Modernize cataloging: Use a robust CMS and consistent metadata. Build authority files; document provenance and rights clearly. PastPerfect, TMS, and CollectiveAccess are common choices.
Conservation-first care: Preventive conservation beats repair. Environmental monitoring, integrated pest management, safe handling, condition reporting—routine, not optional.
Clear policy: Keep current policies for acquisition, loans, access, and deaccessioning. Align with professional codes and your mission. Review annually.
Risk and redundancy: Disaster plan, insurance, location tracking, separation of critical records (onsite/offsite). Drill the plan; don’t just file it.
Broaden access: Publish online records, build digital exhibits, and offer research appointments. Track use; fix friction points.
Collaborate: Share expertise and standards with peer institutions. Joint projects raise quality and reduce cost.
How to Display Collection Management Skills on Your Resume

2. Archival Research
Archival research means digging into primary sources—finding, authenticating, interpreting, and weaving them into exhibitions, labels, and scholarship. It’s detective work with footnotes.
Why It's Important
It grounds interpretation in evidence. With strong archival foundations, narratives hold steady under scrutiny and feel richer to visitors.
How to Improve Archival Research Skills
Work digitally and physically: Use tools like Omeka and ArchivesSpace while honing reading-room skills, handling protocols, and citation discipline.
Strengthen metadata: Descriptions, subjects, and rights statements must be consistent and searchable. Use controlled vocabularies and document decisions.
Map the sources: Create a research plan and a sources registry. Track gaps, permissions, and follow-up actions.
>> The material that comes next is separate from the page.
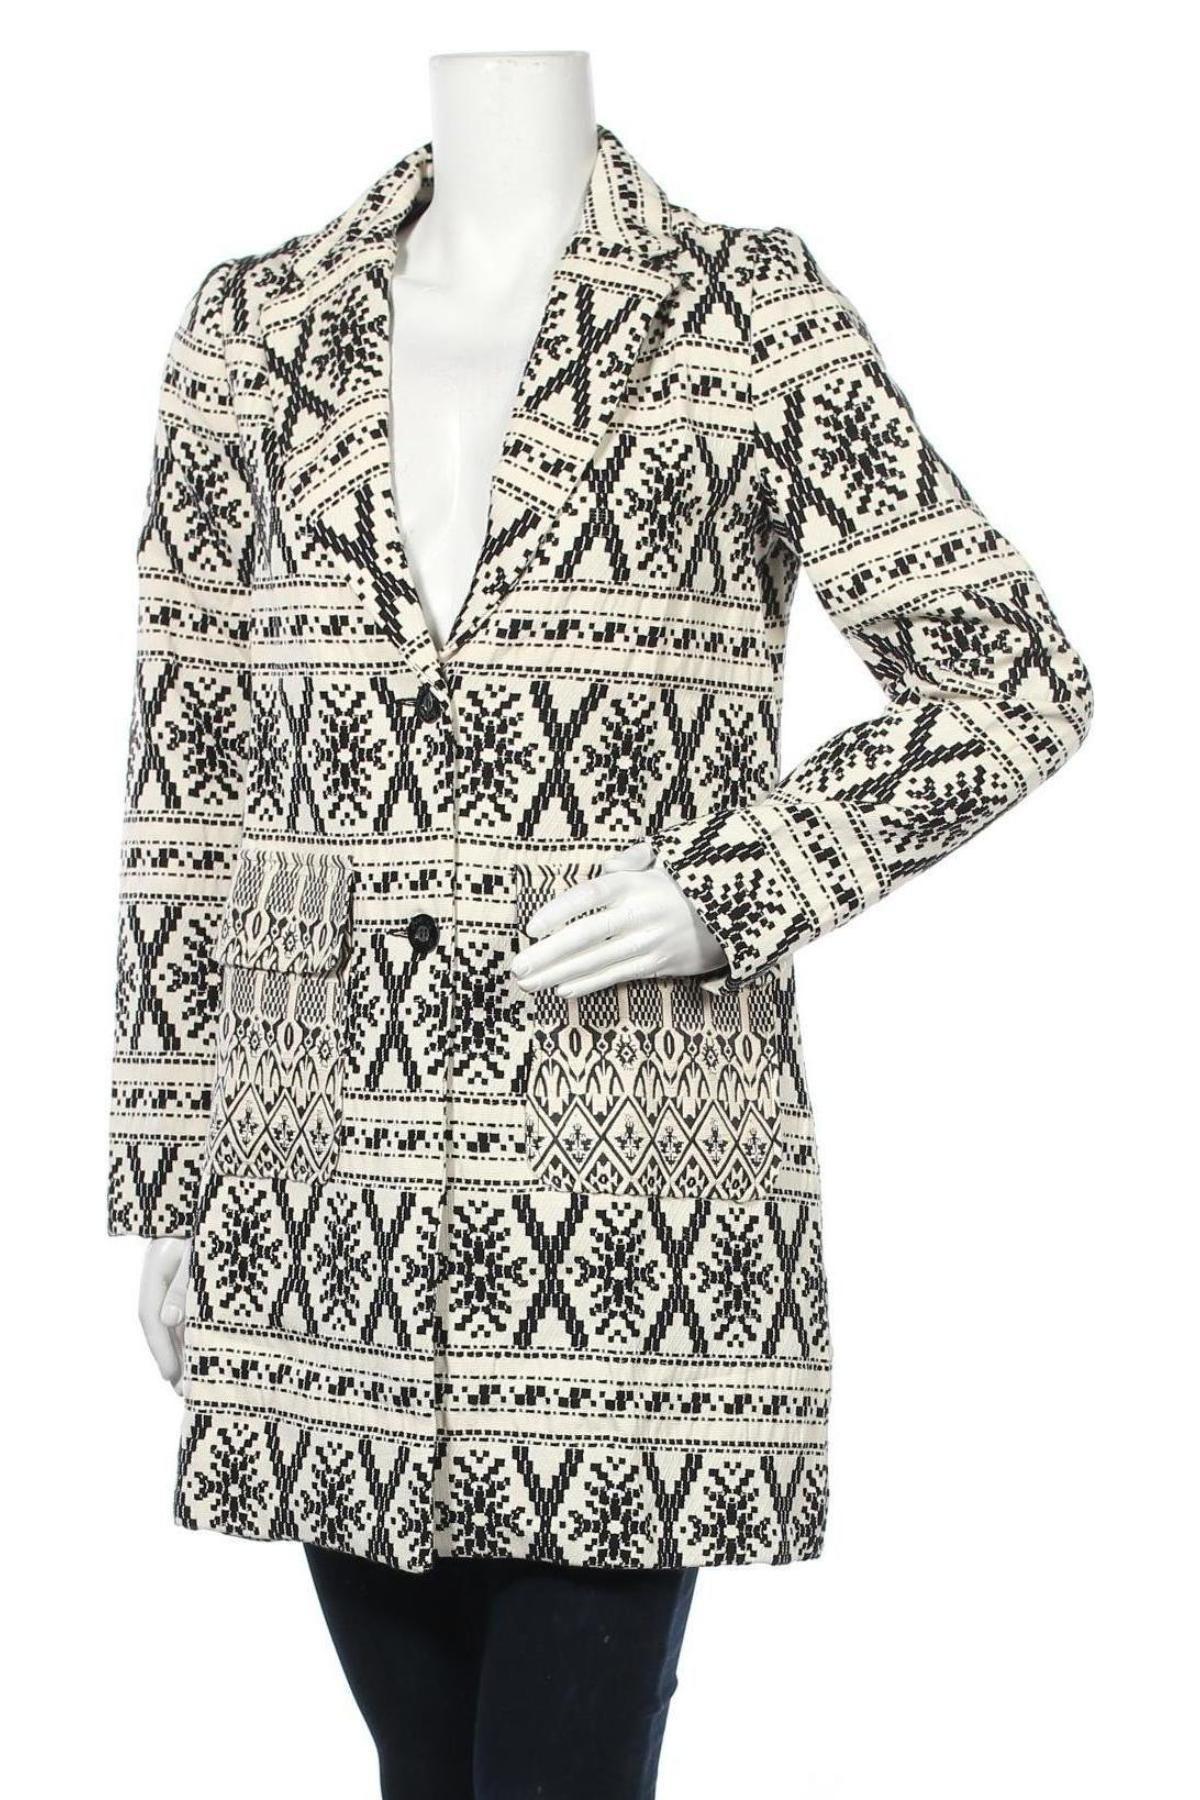 Дамско палто Desigual by Christian Lacroix, Размер L, Цвят Бежов, 94% полиестер, 6% еластан, Цена 119,50лв.

Context first: Situate items in their historical, social, and cultural settings. Biases and silences belong in the story.
Preserve your trail: Keep thorough notes, transcripts, and copies where permitted. Version your files; back everything up.
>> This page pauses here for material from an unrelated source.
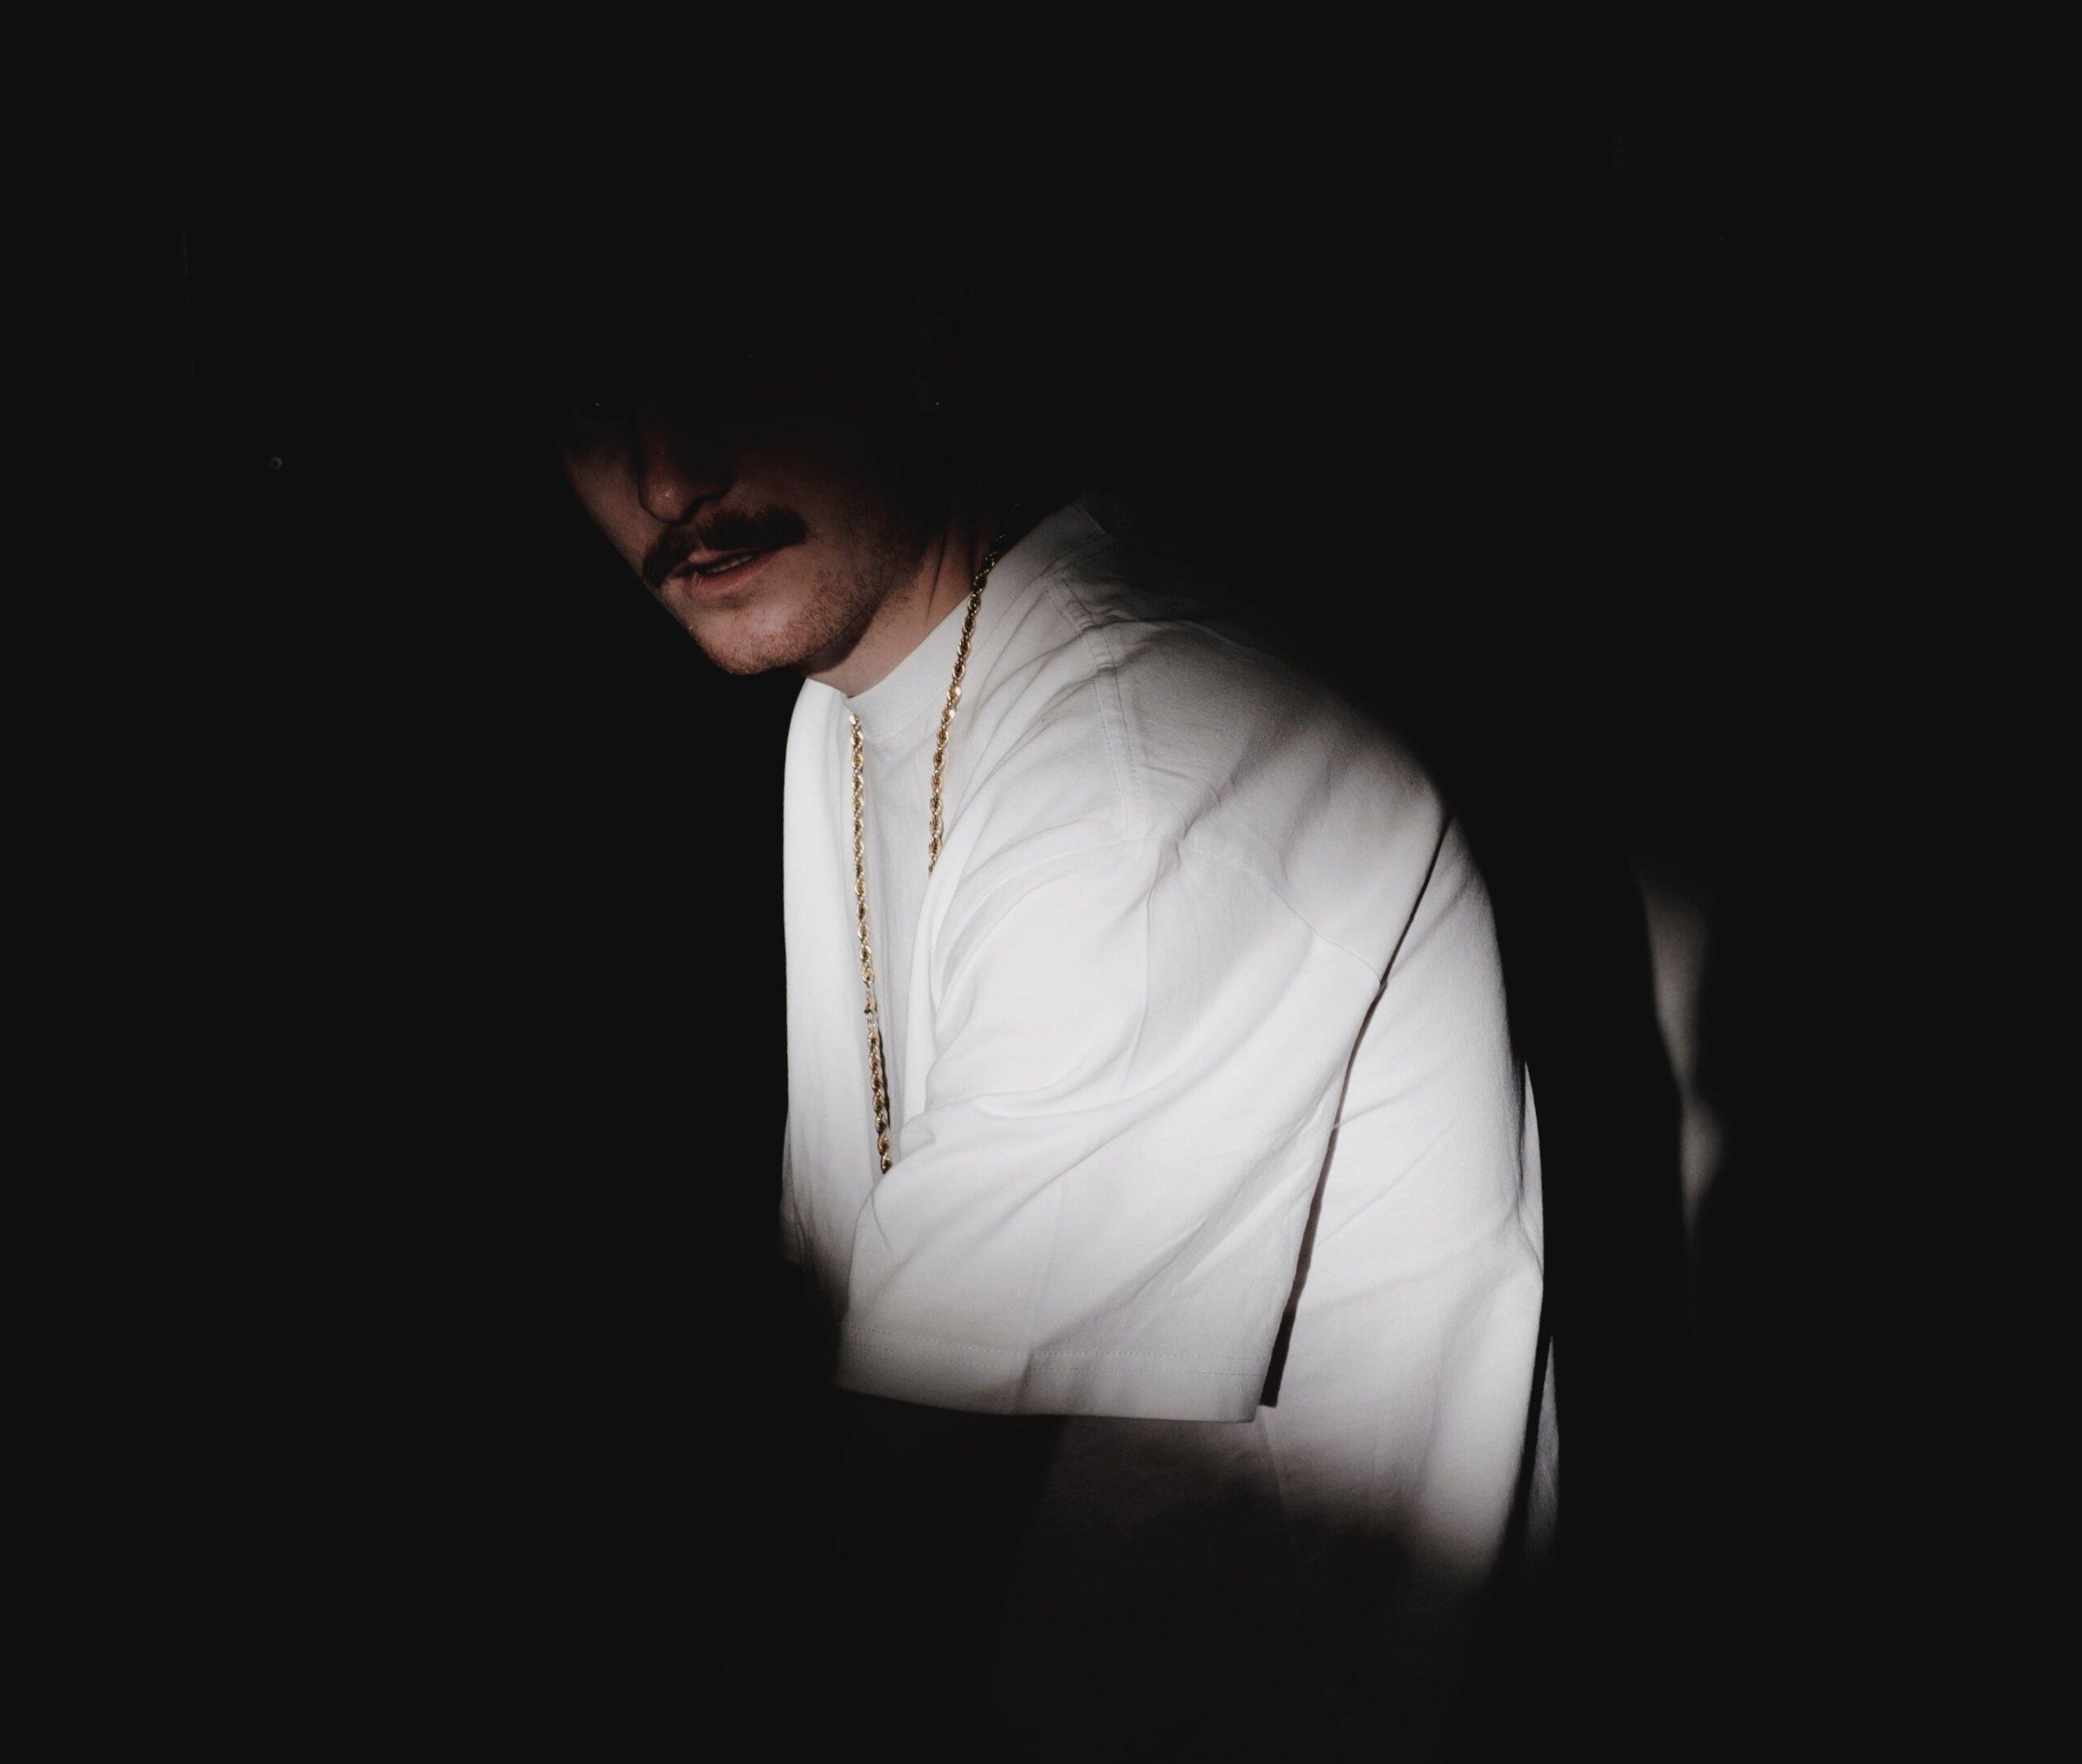 čovek u mraku

Network: Archivists, historians, and community keepers unlock hidden collections and context you won’t find in finding aids.
How to Display Archival Research Skills on Your Resume

3. Exhibit Design
Exhibit design shapes movement, mood, and meaning. It blends narrative, objects, lighting, sound, and interactives so visitors don’t just look—they connect.
Why It's Important
Design is the delivery mechanism for interpretation. It changes comprehension, accessibility, and emotional impact. A show lives or dies in the details.
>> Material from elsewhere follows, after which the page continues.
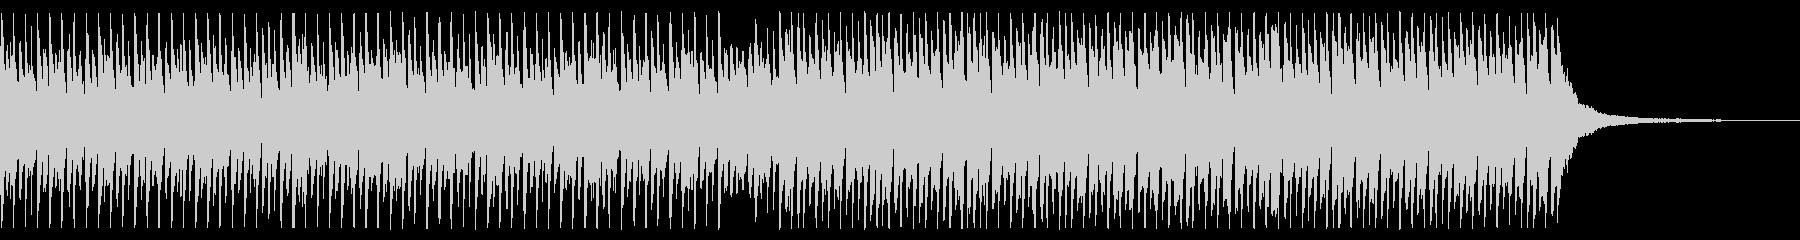 ショートver 青空 ポジティブ ピアノの未再生の波形

How to Improve Exhibit Design Skills
Define the takeaways: One core message, a handful of key ideas. Everything points there.
Prototype quickly: Paper mockups, scaled plans, foam-core labels. Test flow and placement before fabrication.
Design for all: Follow inclusive and accessible practices—clear type, high contrast, touch alternatives, captions, audio description, and multisensory options.
Tell a story: Orient, build tension, resolve. Use objects like characters. Vary pacing. Offer choice.
Use technology with intent: AR, projections, audio, and interactives should clarify, not distract. Maintain offline fallbacks.
Light with purpose: Conservation limits first, drama second. Model illuminance and glare; test in situ.
Iterate from feedback: Observe visitors. Note bottlenecks, skipped labels, overlong queues. Adjust and measure again.
How to Display Exhibit Design Skills on Your Resume

4. Cataloging Standards
Cataloging standards are the rules and schemas that make records consistent and interoperable. Think RDA, MARC 21, Dublin Core, and the controlled vocabularies that tame chaos.
Why It's Important
Standards let collections talk to each other. They improve discovery, reduce ambiguity, and keep data durable across systems and decades.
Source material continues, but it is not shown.